Friday, February 15, 2013

100 Paths to Happiness


Yesterday was Hundreds Day. It’s a relatively new celebration in schools (maybe 20 years ago?) propogated by Math departments celebrated on…you guessed it: the 100th day of school! It’s a delightful way to make an abstract number concrete. Over the years, we’ve done things like lined up 100 kids, shot 100 baskets, brainstormed 100 Spanish words, build structures with 100 toothpicks, listed 100 books a class has collectively read. Great fun.

For the music department, our contribution is to brainstorm with the kids 100 songs that they’ve sung with us. Not the songs from the radio, but the repertoire we choose to share with them. The elementary school gathers every day for 20 minutes to sing and here is the payoff, when we get to collectively look back and the kids realize just how many songs they know. It’s impressive.

To help focus the kids’ thinking, we put different categories on the board— train songs, animal songs, food songs, love songs, songs with motions, nonsense word songs, songs in Spanish, songs from other countries, songs from the Caribbean (a unit we had just completed), holiday songs, jazz songs, songs that tell stories, rounds. The room is electric with the kids' enthusiasm as they call out the songs they know. “Know” runs the gamut from recognizing the melody to singing the chorus to reading all the verses from our ancient song sheets to knowing all the words.

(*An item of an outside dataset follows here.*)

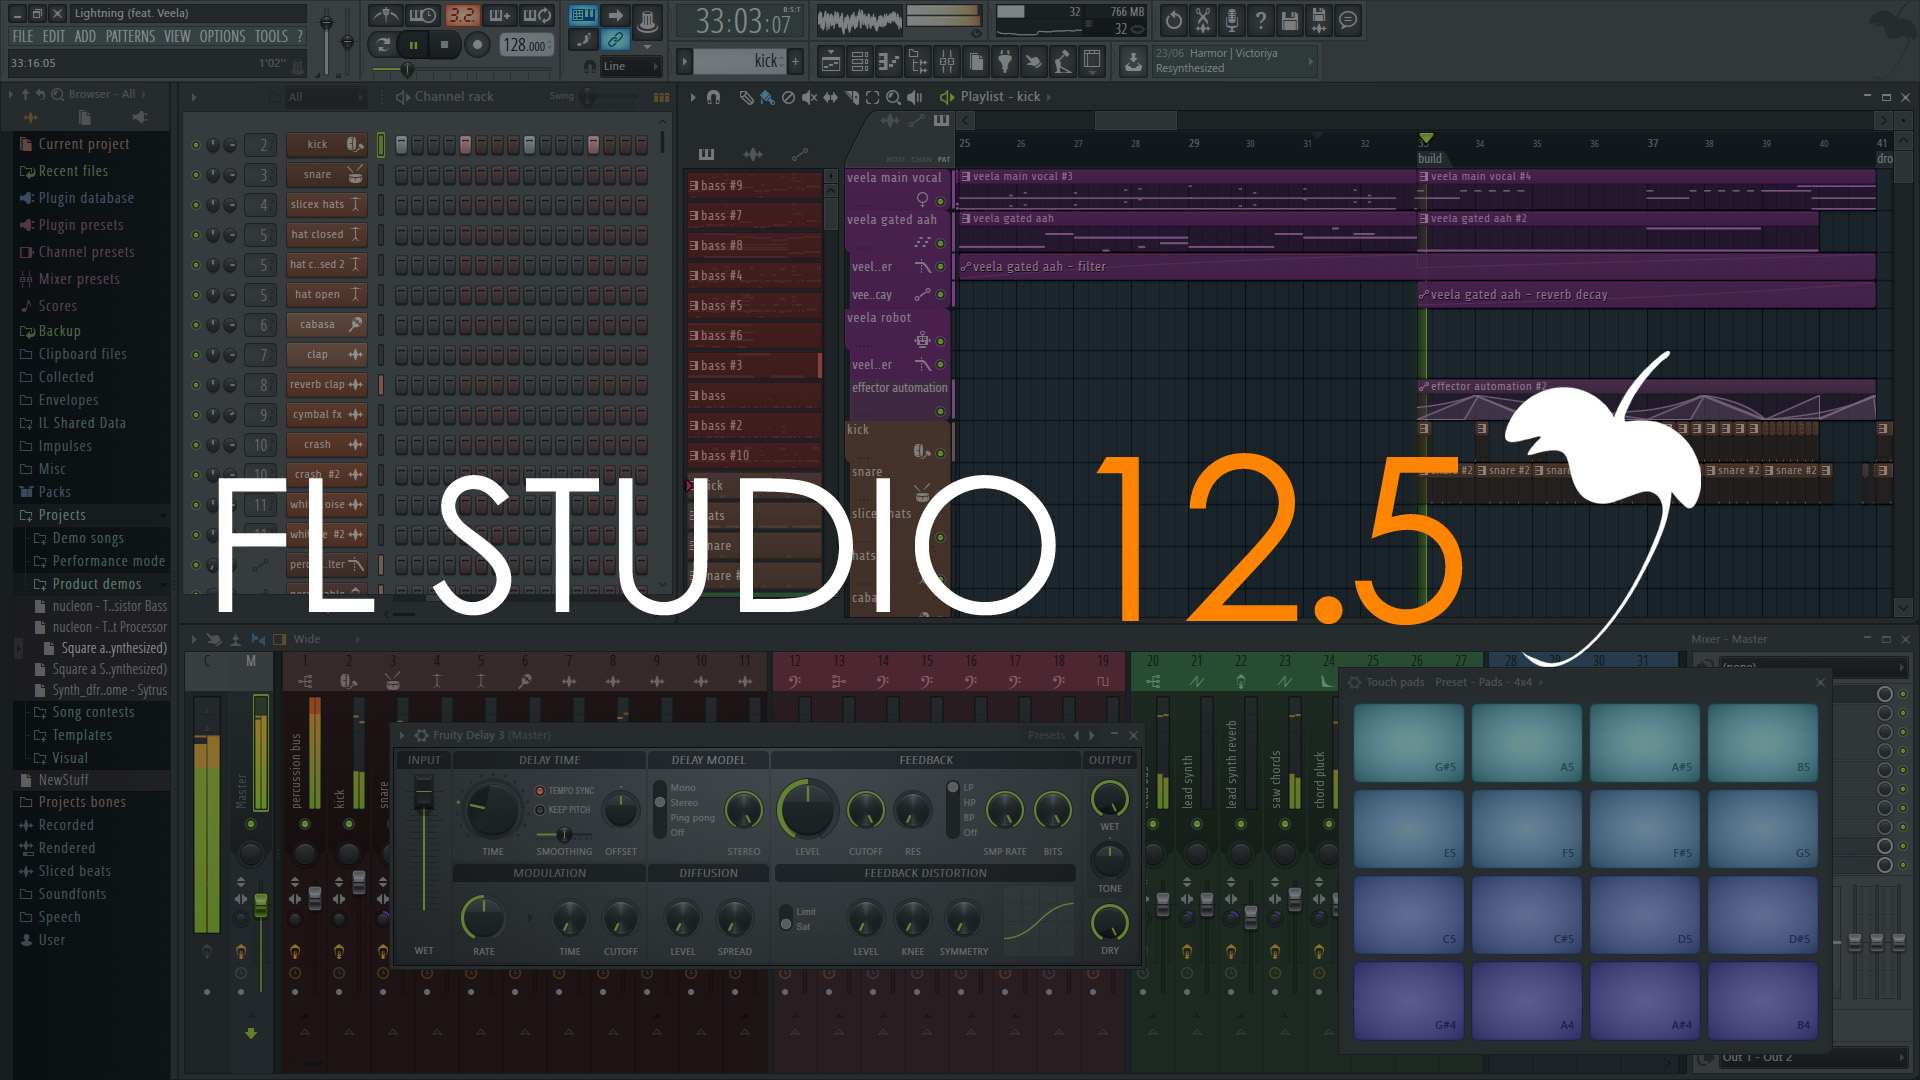 Fl studio 20 producer edition free download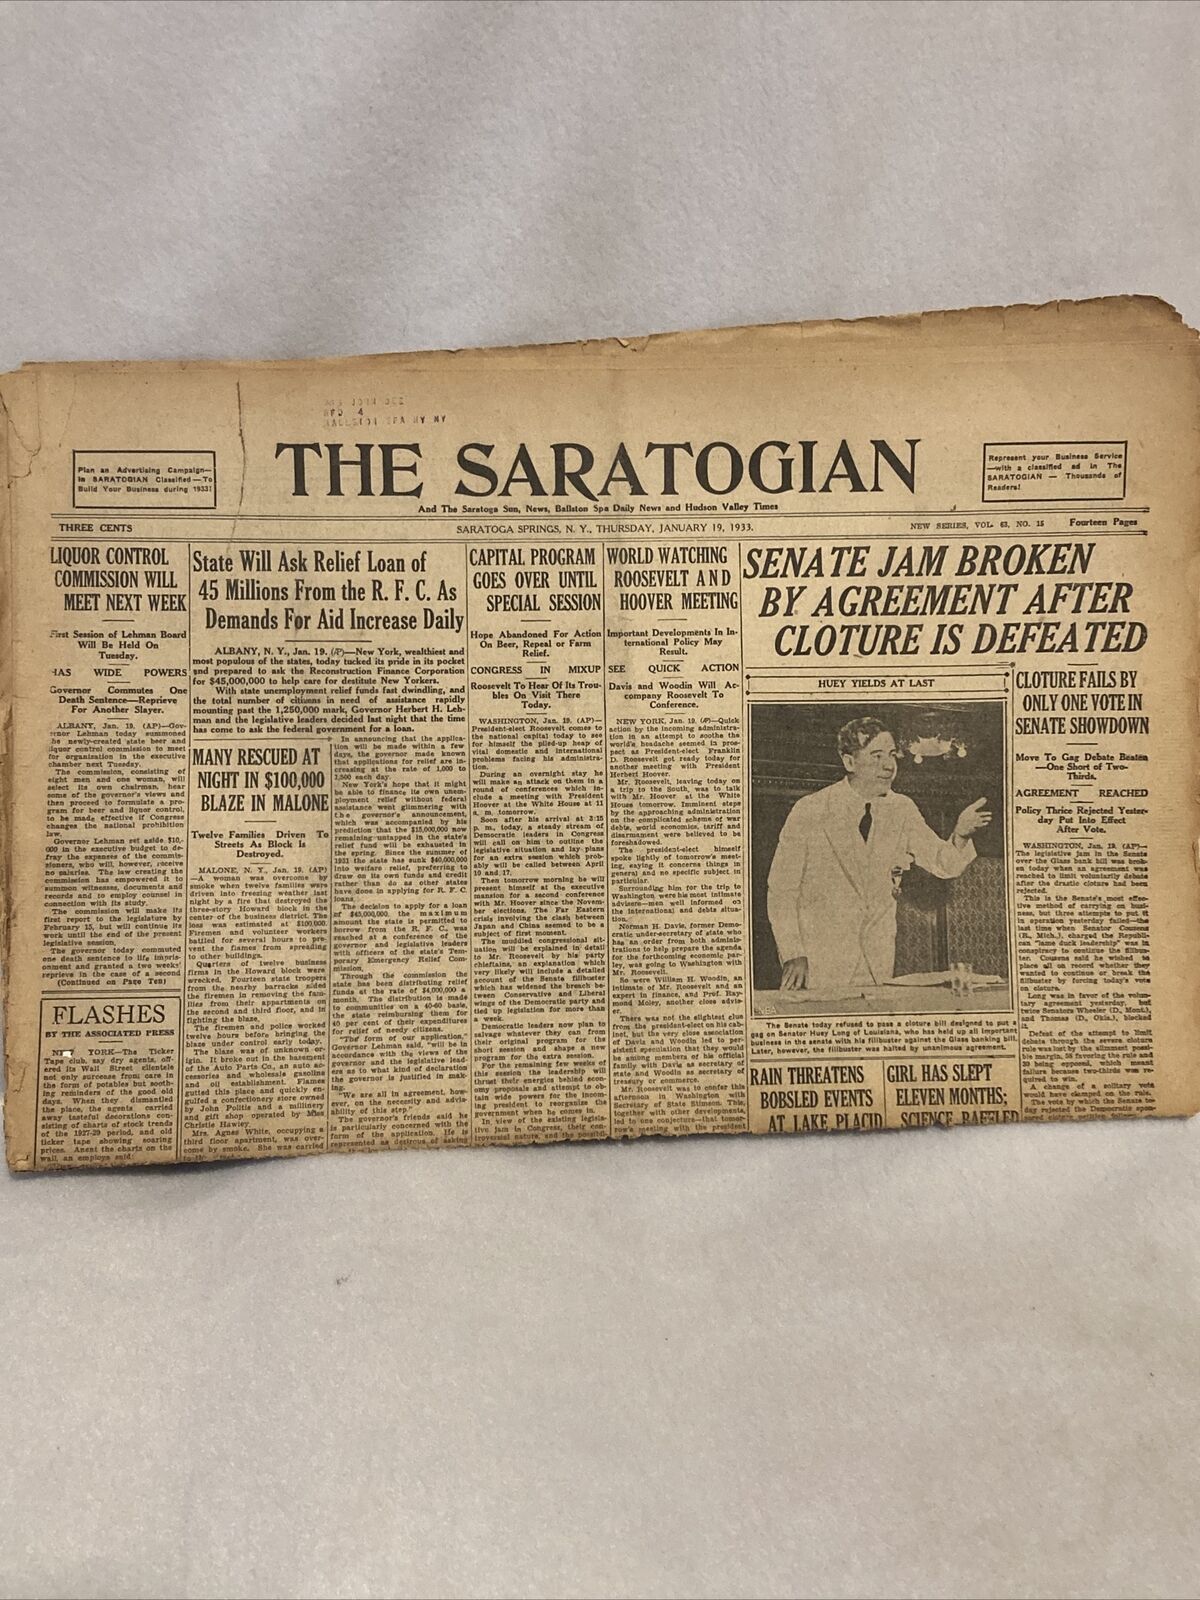 January 19. 1933 The Saratogian Newspaper *RARE*

All this brainstorming takes place before Hundreds Day. Then on the day itself, we sing the first line of each song to see if we can squeeze them all in within the 20 minutes time slot. It’s quite a spectacle to witness. The kids get so excited we have to pause and remind them that songs are to be sung, not screamed!

This daily singing has been a constant at the school for the near- forty years I’ve been there. Even schools with strong music programs don’t often include this extra bonus and of course, many schools without music programs graduate kids who know very few songs in common— perhaps Happy Birthday, The Star Spangled Banner and Bingo. For me, it’s unthinkable that a kid would leave our education system so poorly served. It’s as if their schools had put up roadblocks to 100 paths to knowledge, 100 paths to fellowship, 100 paths to happiness.

A song is one of the most ancient and most reliable technologies that we know. It is a sustainable and renewable resource that condenses a vast amount of information in a small container. It carries vital linguistic information, stories, poems, proverbs, rhymes, grammar, syntax, vocabulary, patterned math, history, culture, not to mention all the musical elements of rhythm, melody, harmony, timbre, form and more, often in a mere three minutes. The physical singing of songs charges the brain, boosts the immune system, opens the heart and touches the spirit through the vehicle of breath, tones the body and connects people engaged in singing together like few other things do. A simple definition of community is a group of people who know the same songs. When they sing them together, they reaffirm their collective identity and sense of belonging. Songs not only change bodies, minds and hearts, but they can change history as well, facts well documented in the Estonian movie The Singing Revolution, the South African Amandla and our own Civil Rights movement in the U.S..

Songs are durable. They stay with you your whole life and long past the time when language fails, memory blurs and dementia or Alzheimer’s sets in, songs survive. Check out the youtube clips of elders whose every facial feature is blank until the music starts and you see them come to life in front of your eyes. The song you teach to a three-year old will still be by their side when they’re 103 and bring the same pleasure and comfort.

Shall I go on? If you pitched to a school board that you discovered a cheap and efficient technology that never needs purchased upgrades, touches on just about every subject in the school curriculum, knits together a connected community and touches the heart of every child, don’t you think they’d be interested? It costs a mere music teacher’s salary (cheap!!!) and a commitment to 20 minutes a day, every day. It has been tested with similar results at many schools (but not enough) around the world and brought countless children 100 plus paths to happiness.

Anyone want to make the movie about The Singing Curriculum? I know just the school.